| Exercise description |
Please retype the listing below word for word and exclude its images.

| Given data |
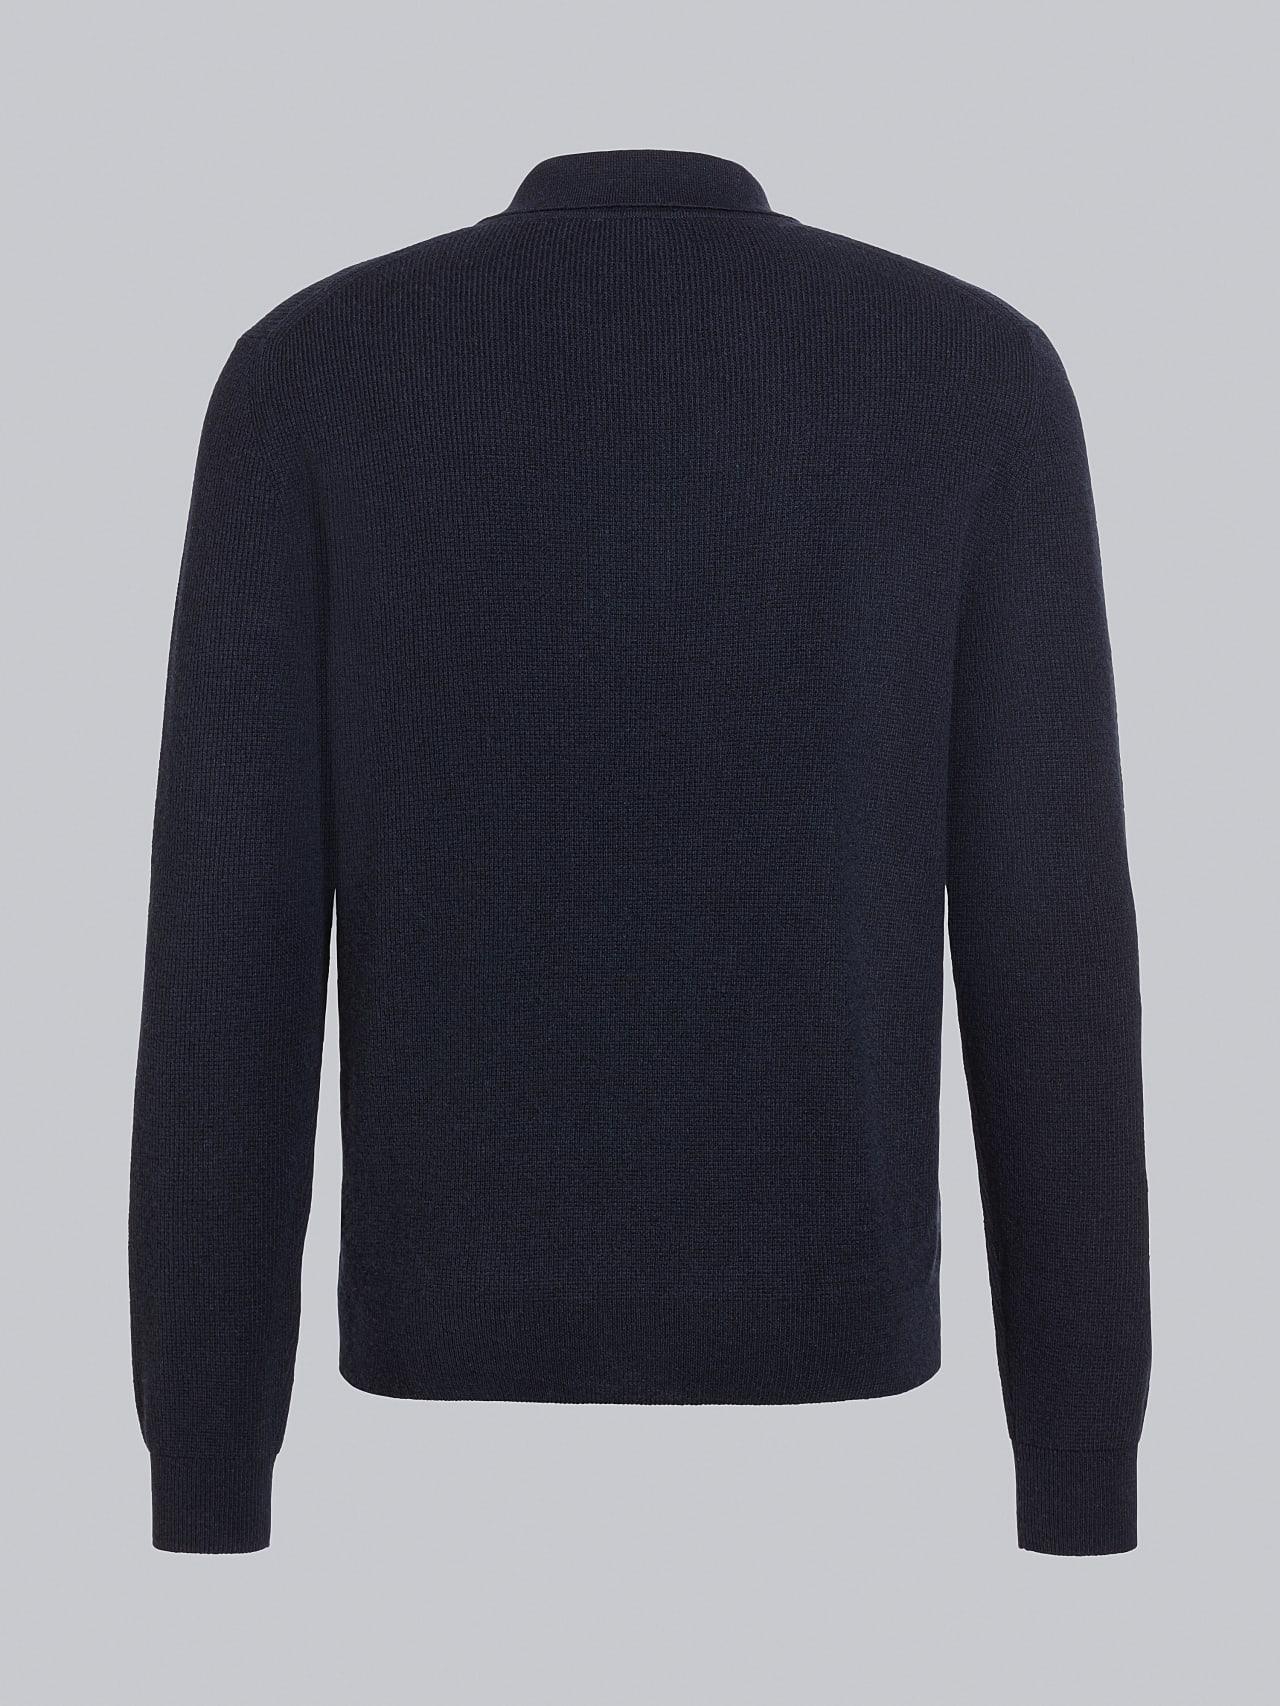 FORCE V1.Y5.02 Cashmere-Blend Knit Polo Longsleeve navy Left Alpha Tauri
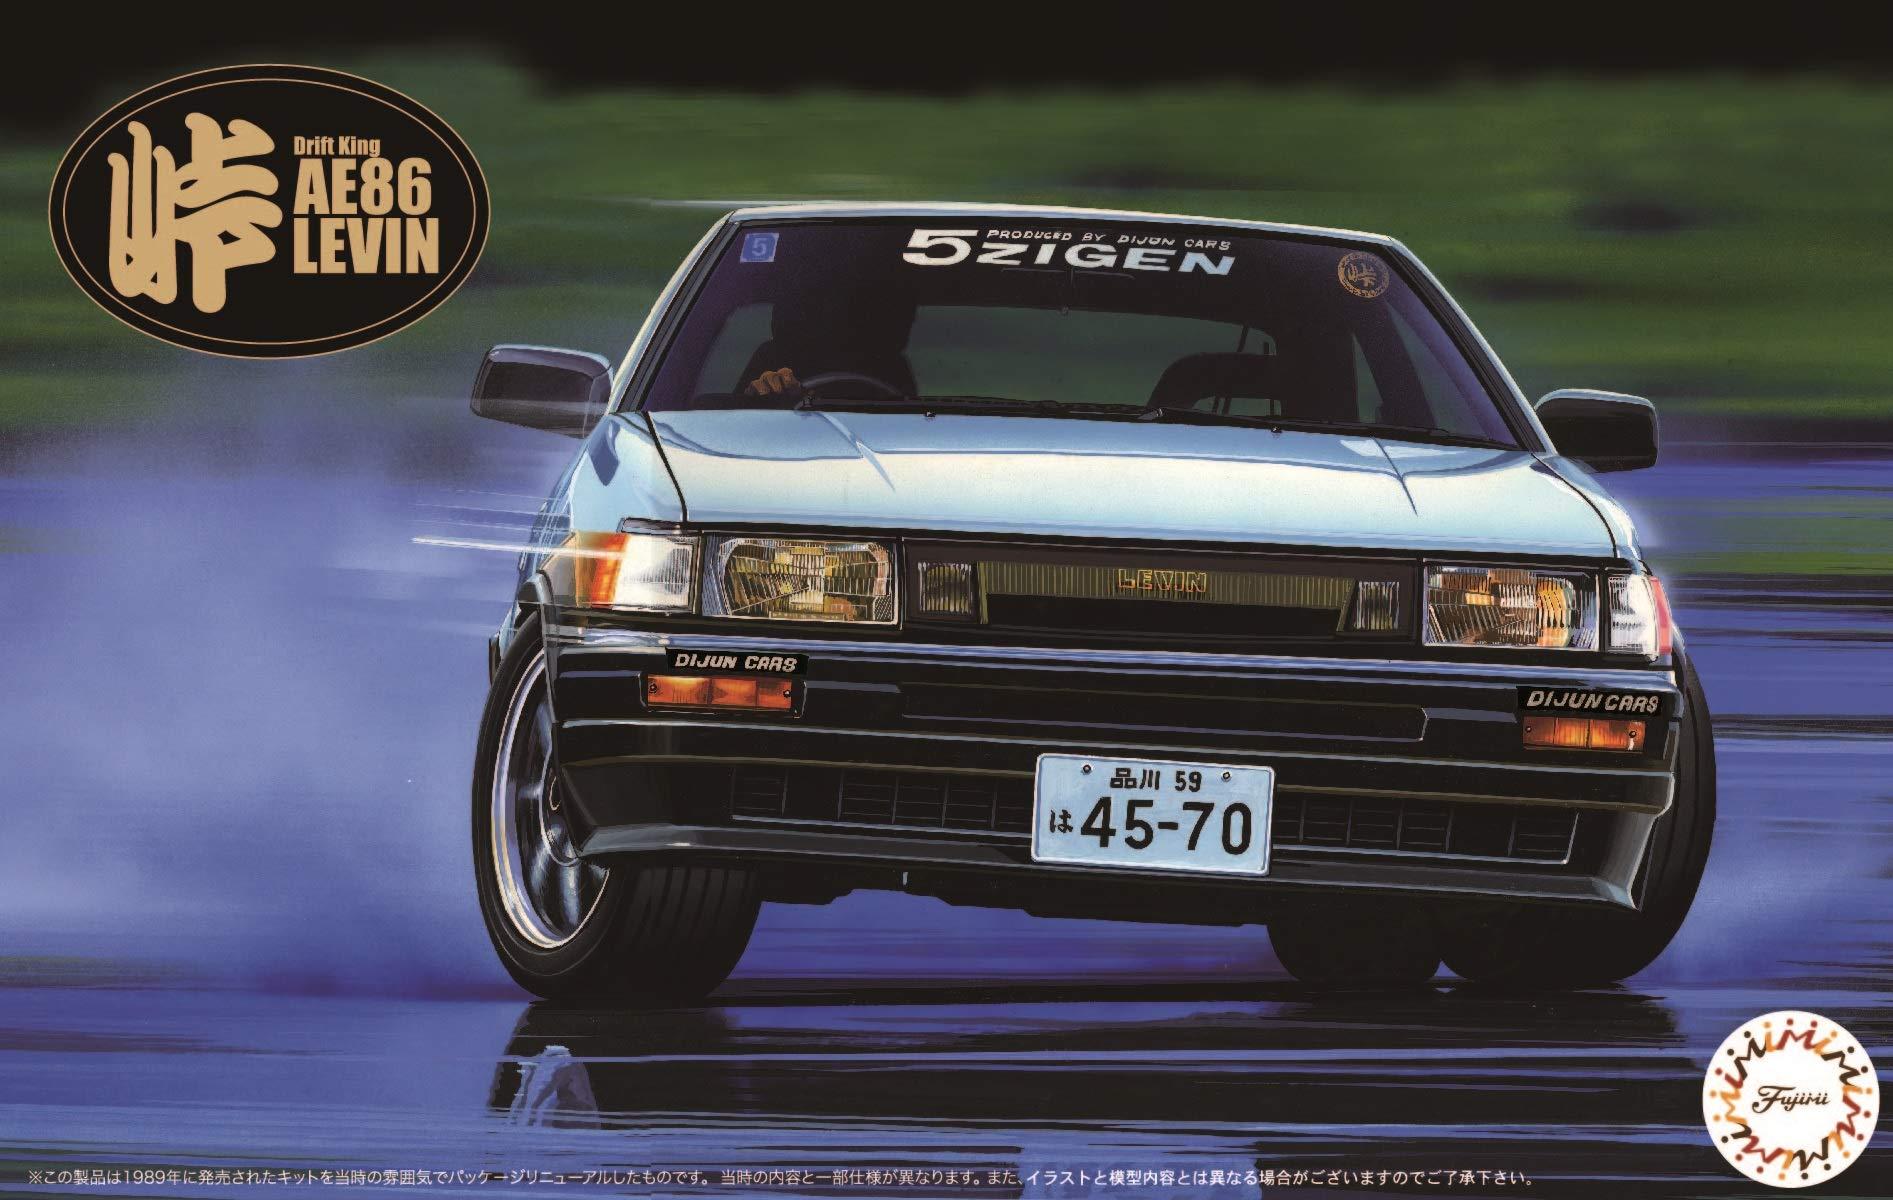 Fujimi Toyota AE86 Levin
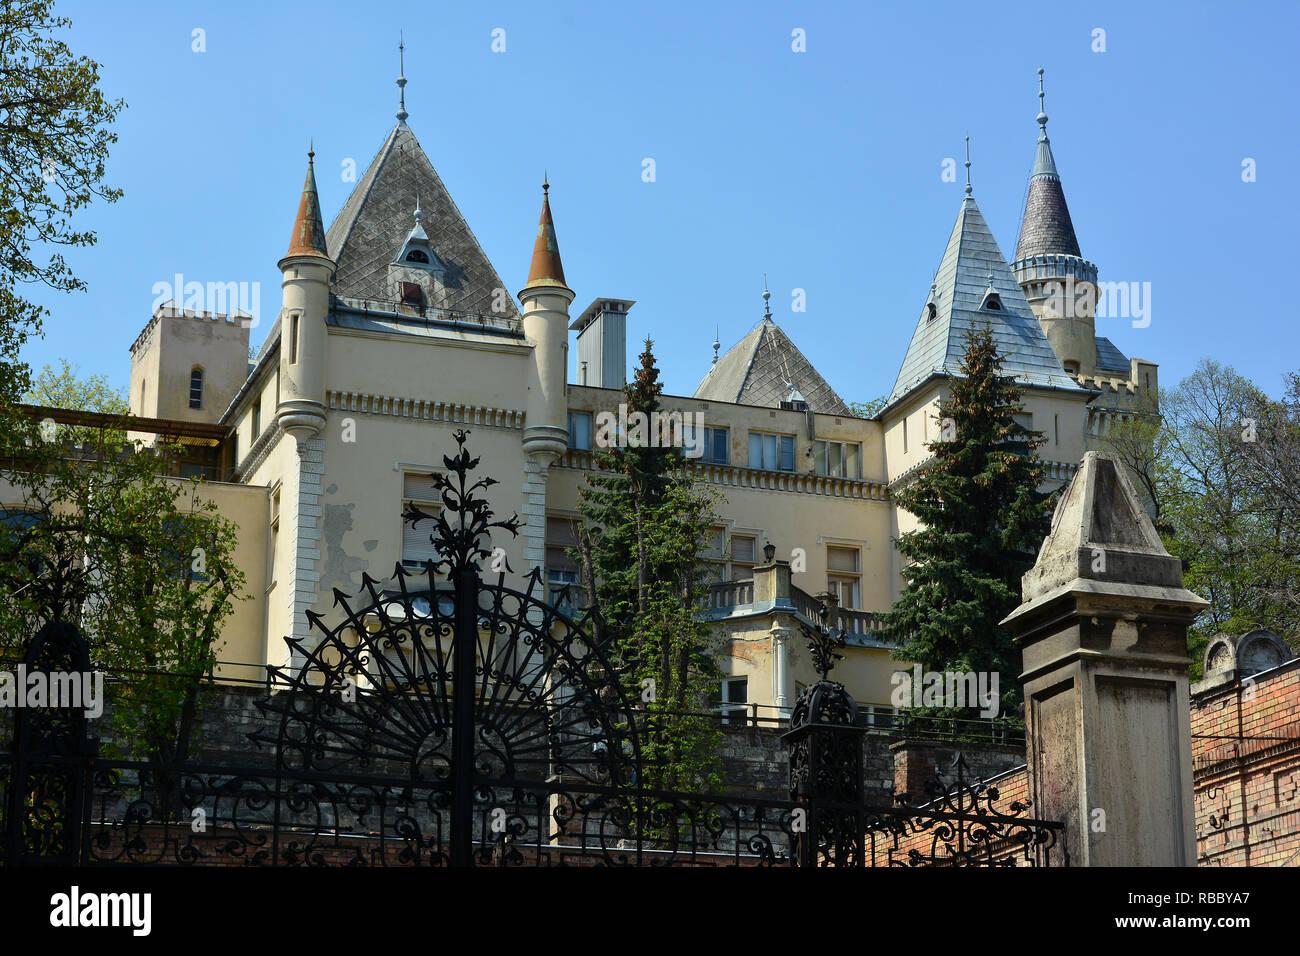 The Törley Castle in Budafok, Budapest XXII. district., A Törley-kastély Budafokon, Budapest XXII. kerületében. - Stock Image

| Reply |
 FORCE V1.Y5.02 Cashmere-Blend Knit Polo Longsleeve navy Left Alpha Tauri
 Fujimi Toyota AE86 Levin
 The Törley Castle in Budafok, Budapest XXII. district., A Törley-kastély Budafokon, Budapest XXII. kerületében. - Stock Image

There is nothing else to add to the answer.